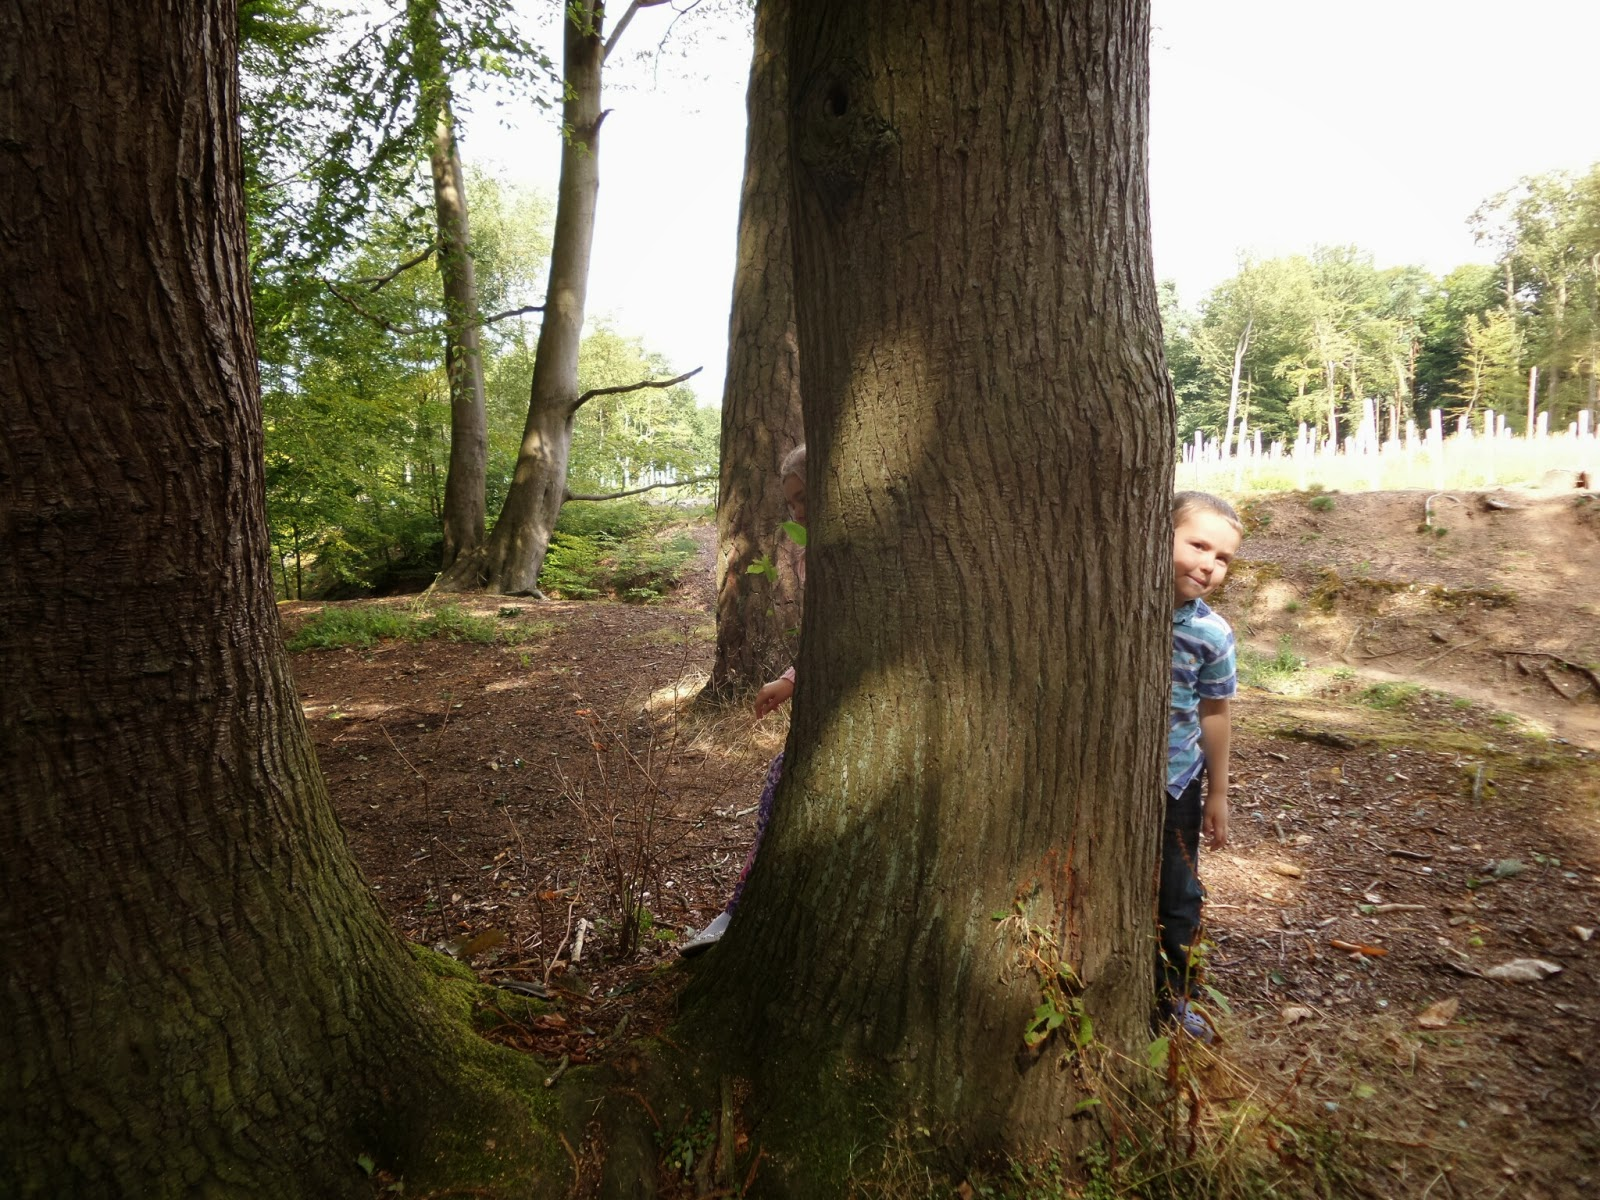 Top Ender and Big Boy hiding behind a Tree
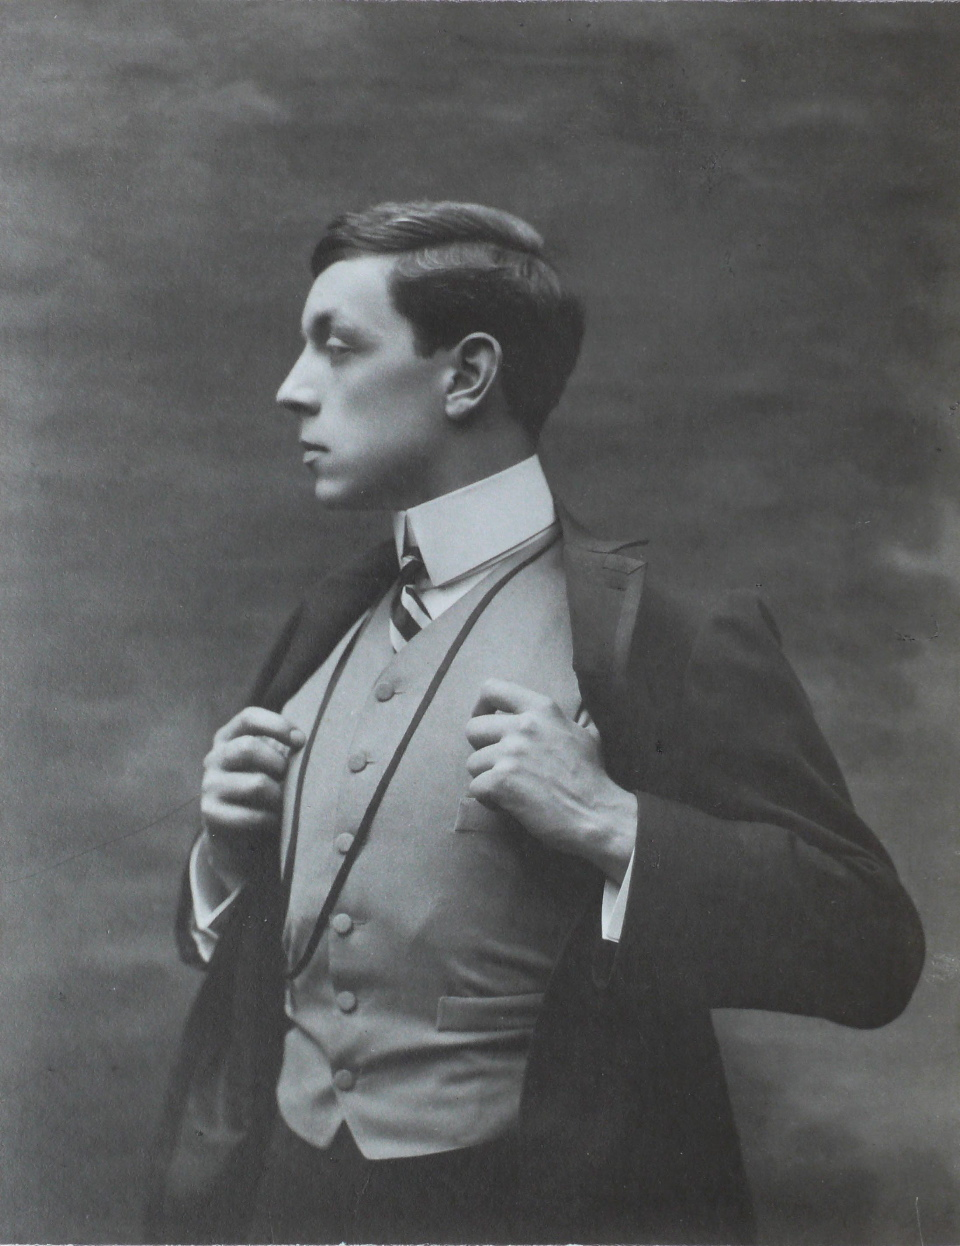 Roger Boutet de Monvel 1904
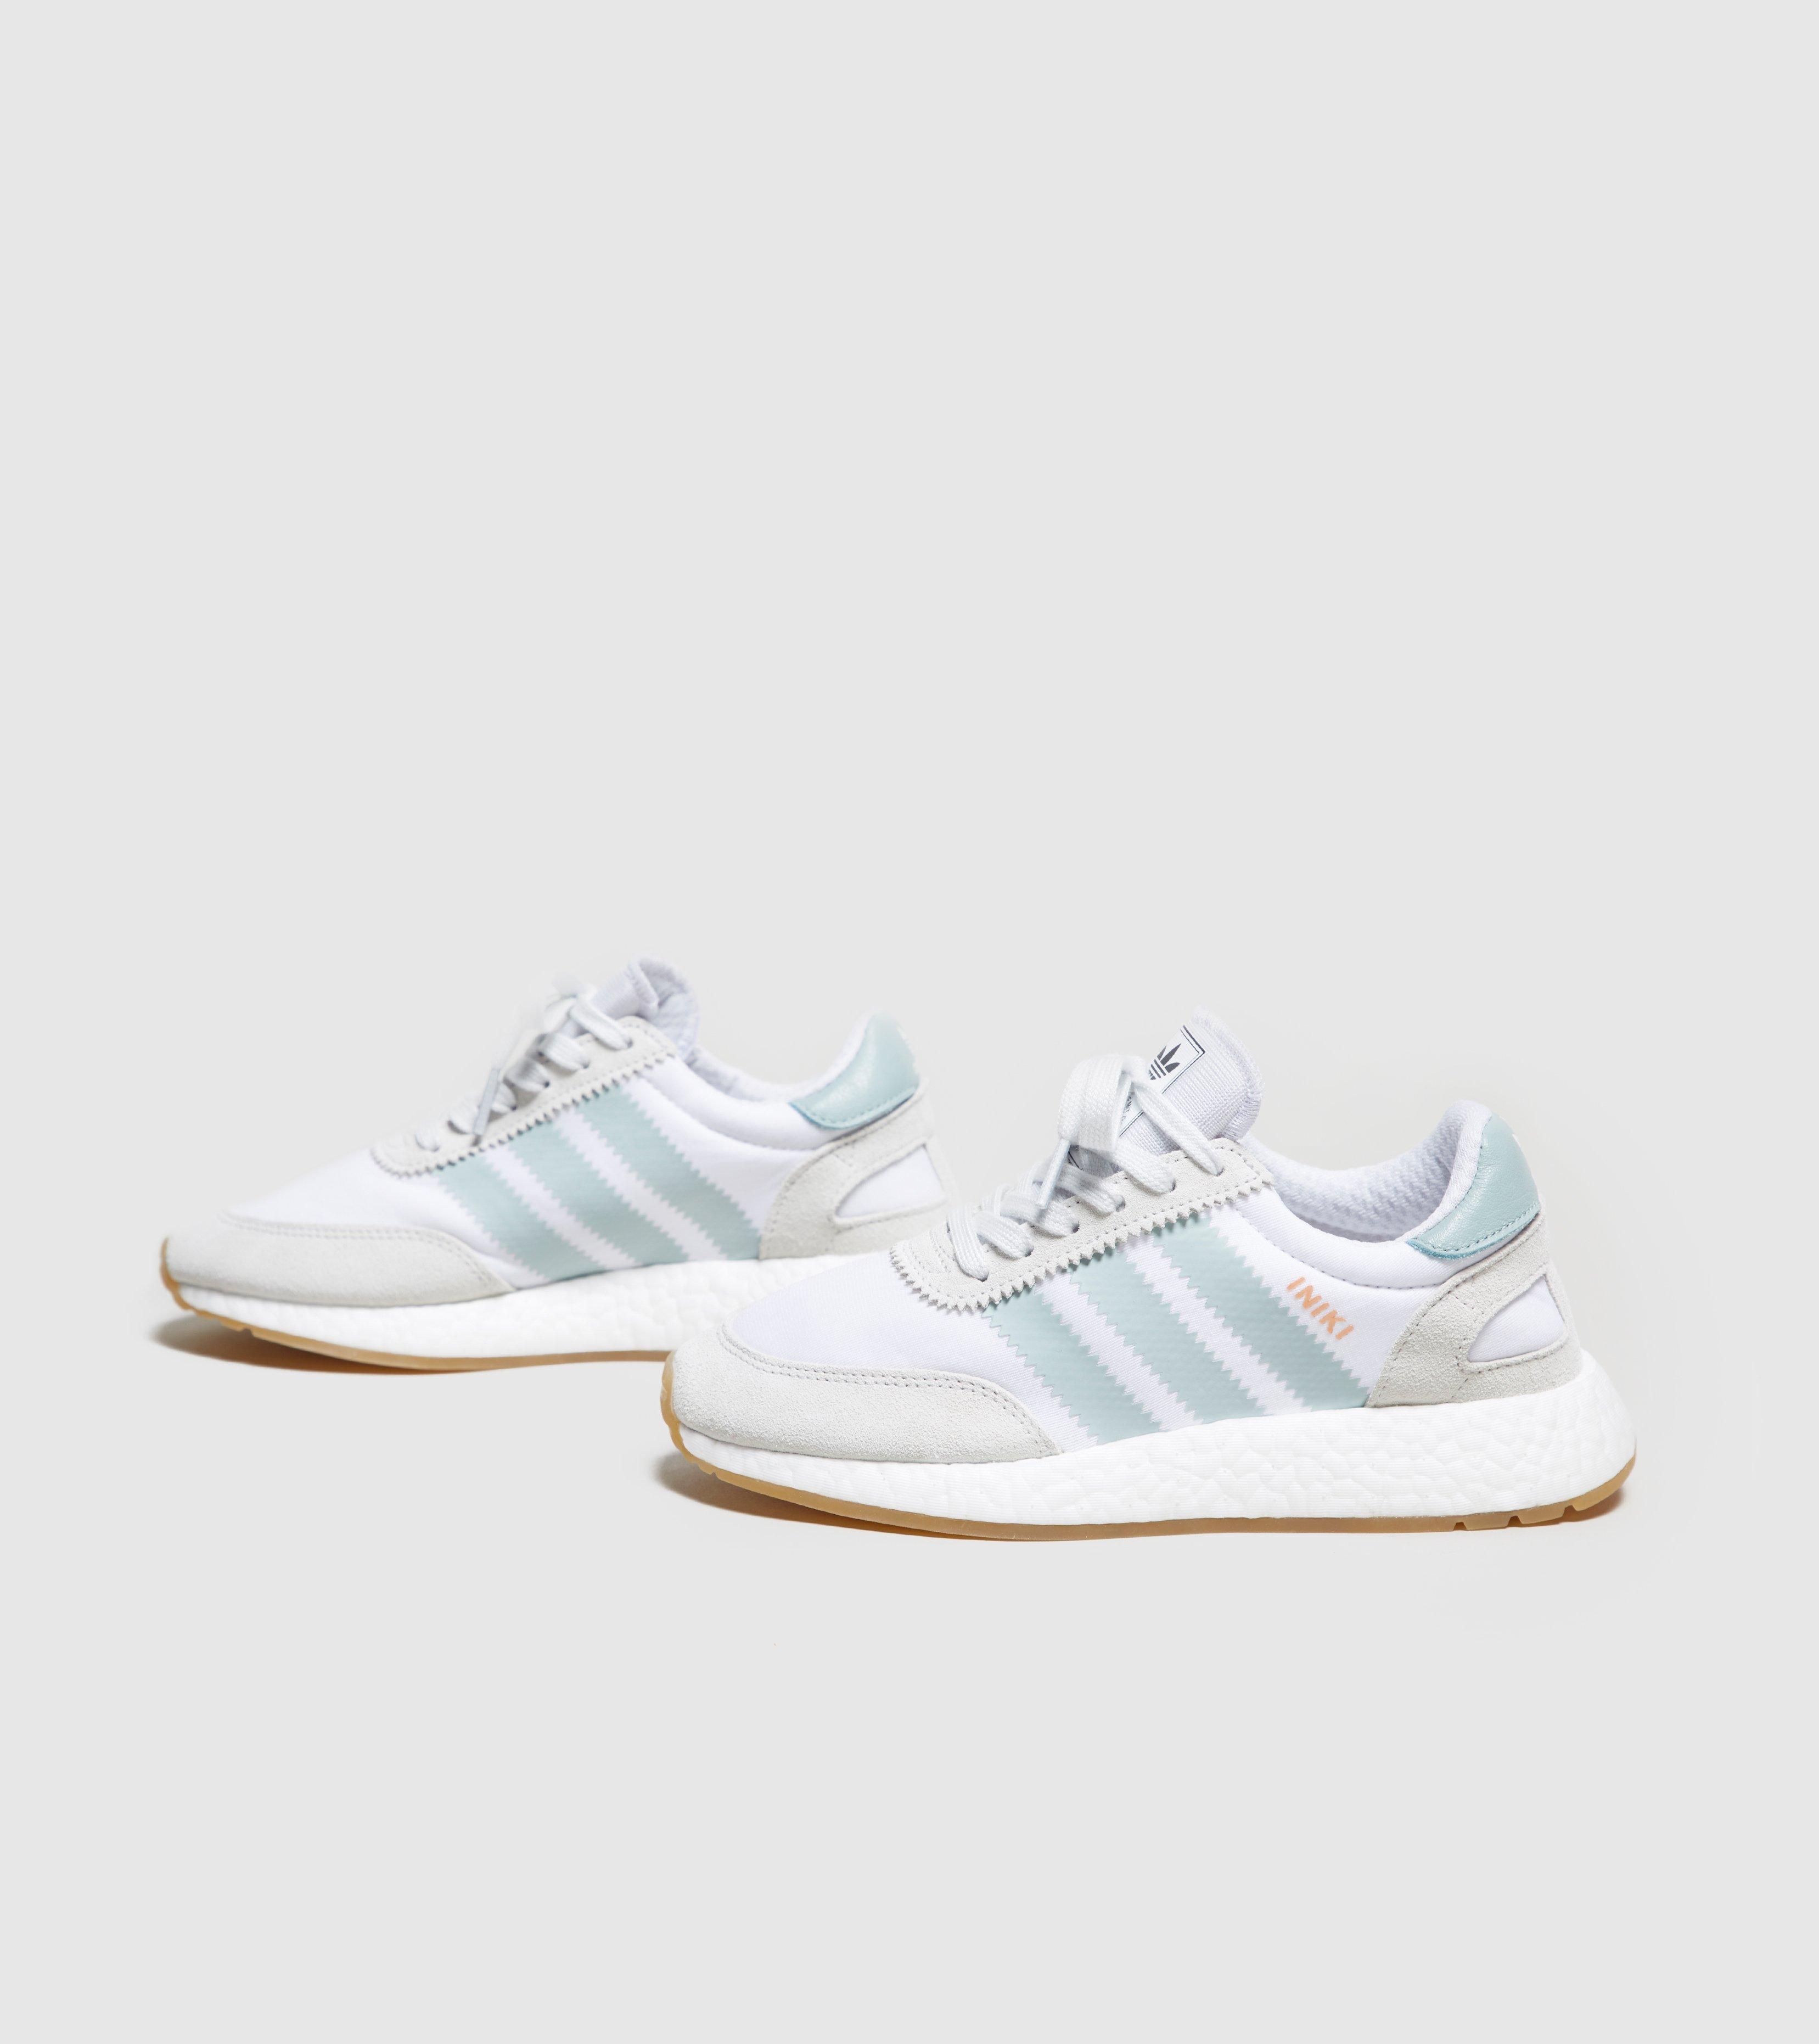 Adidas Originali Iniki Staffetta Donne In Bianco Lyst
------------------------------
(WHAT IS EXPECTED) Please copy exactly the lines from the one that contains "Roger Boutet de Monvel 1904" through the last line of the listing above, leaving out the pictures.

(RESPONSE AREA)
 Roger Boutet de Monvel 1904
 Adidas Originali Iniki Staffetta Donne In Bianco Lyst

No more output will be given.